Cancelled Comics Cavalcade: 30 Years Later with Paul Kupperberg

A comics interview article by: Jim Beard
A wee bit more than 30 years ago DC was in the middle of what was perhaps one of their gloomiest times ever (not counting Zero Hour, of course). In an effort to meet their Marvelous Competition across town toe-to-toe on the stands, they went a bit nuts. Their eyes bigger than their stomachs, DC bit off a bit more than they could chew and their much-vaunted “Explosion” of titles became a decidely-uncool “Implosion”. Production on several titles ceased immediately and an inventory of art and writing was without a home. In the aftermath rose one of the quirkiest collectibles ever to grace the comics scene: Cancelled Comics Cavalcade.

DC took all of the unpublished material it had at the time, photocopied it and put it together in a very loose book form. In stunning black and white, and boasting what might be the smallest print run of any series from a major comic book publisher, the CCC has become a legend in its own right. Thirty years later (almost) it’s still a subject of conversation, debate, puzzlement, and out-and-out myth.

I decided to check in with prolific Paul Kupperberg, writer of excellence and present during those dark, dark days at DC, to get the lowdown on the hows, whys, whats, and whos of Cancelled Comics Cavalcade. Follow along for an insider’s view of how this most unique of items came to be.

Jim Beard (JB): It was all your fault, wasn¹t it? :-}

Paul Kupperberg (PK): Not hardly, nuh-uh. I didn’t touch anything, I don’t know how comic books got broken in 1978, I swear! I was just a cog in the wheel. A wheeling accomplish, if you wheel. (That was me channeling Julie Schwartz. It won’t happen again.)

JB: Ah, yes, I could sense the great man himself there for a moment. So then, what caused the Implosion? ‘Bad weather’ was stated as one of the causes…surely it had to be more than just that?

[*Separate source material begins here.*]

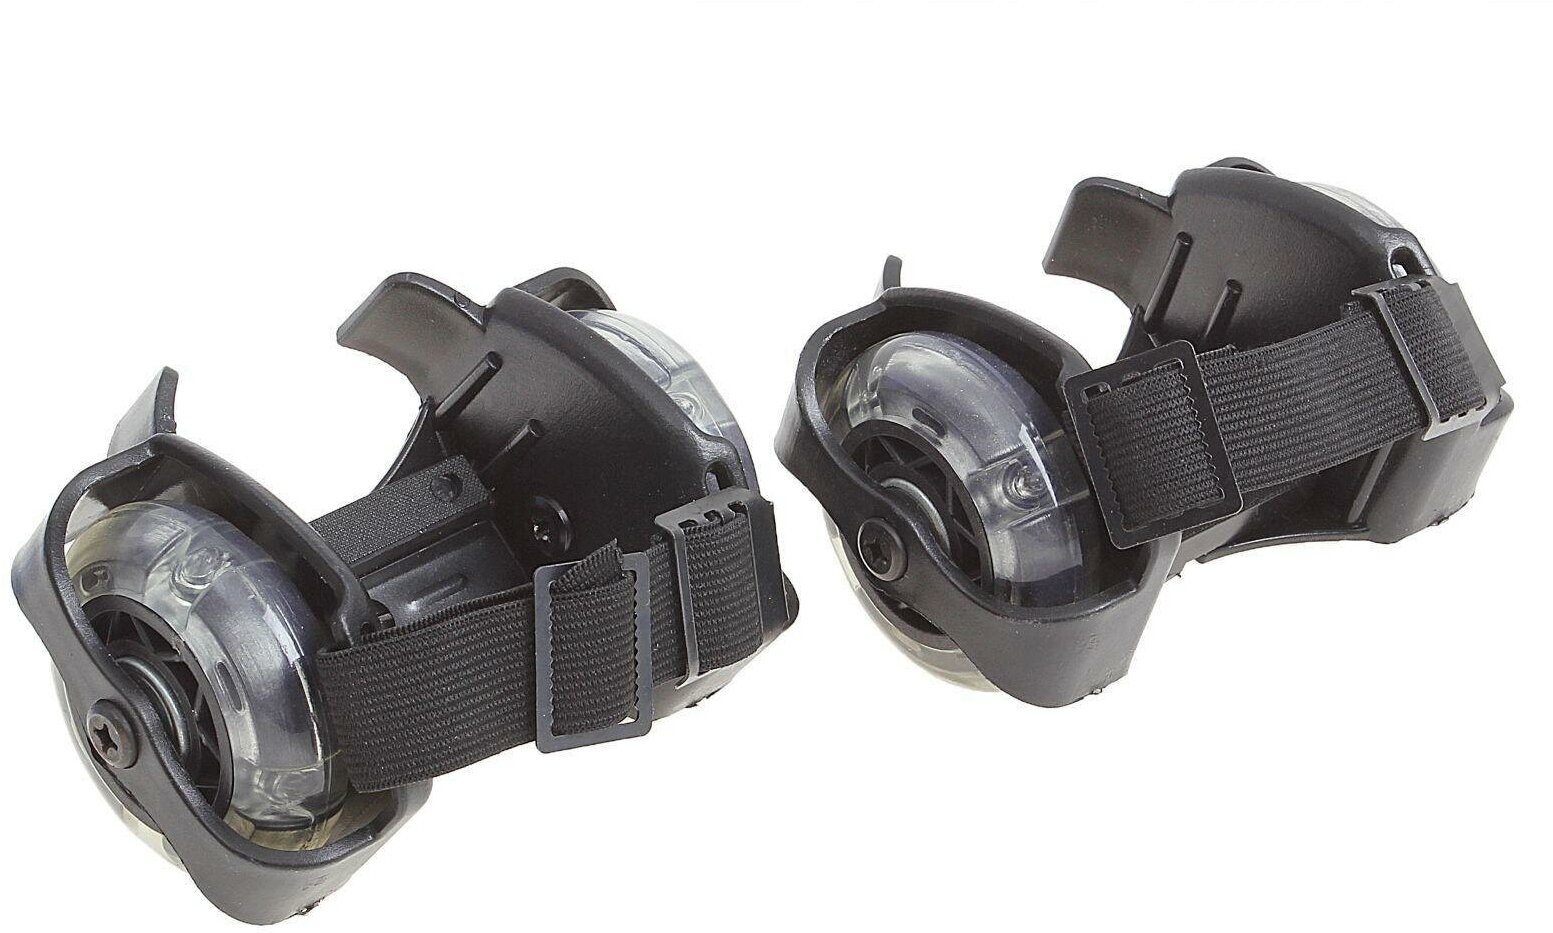 Ролики раздвижные для обуви, мини, светящиеся колеса, РVC, d=70 мм, до 70 кг, ширина 6-10 см, цвет чёрный

PK: It was a combination of things. It started about 1975, which is the year I got into comics, writing for Charlton and DC. Again, just a coincidence. Not my fault no matter how bad most of those early stories were.

DC and Marvel both went on this competitive expansion jag, each trying to muscle the other off the newsstands … here’s where I do the old fart thing: back in the olden days, comics weren’t sold in comics specialty shops. They were sold in drugstores, candy stores, bus and train stations, newsstands, etc. The company would print, say, 500,000 copies of a comic (yeah, that’s right, and that was for one of the low selling titles), send it out through the distributor, who passed them on to the wholesalers, who sent them out to the retailers, and whatever the retailer didn’t sell, got returned to be pulped and recycled. That’s opposed to the modern system, where the retailer buys his comics outright, no returns.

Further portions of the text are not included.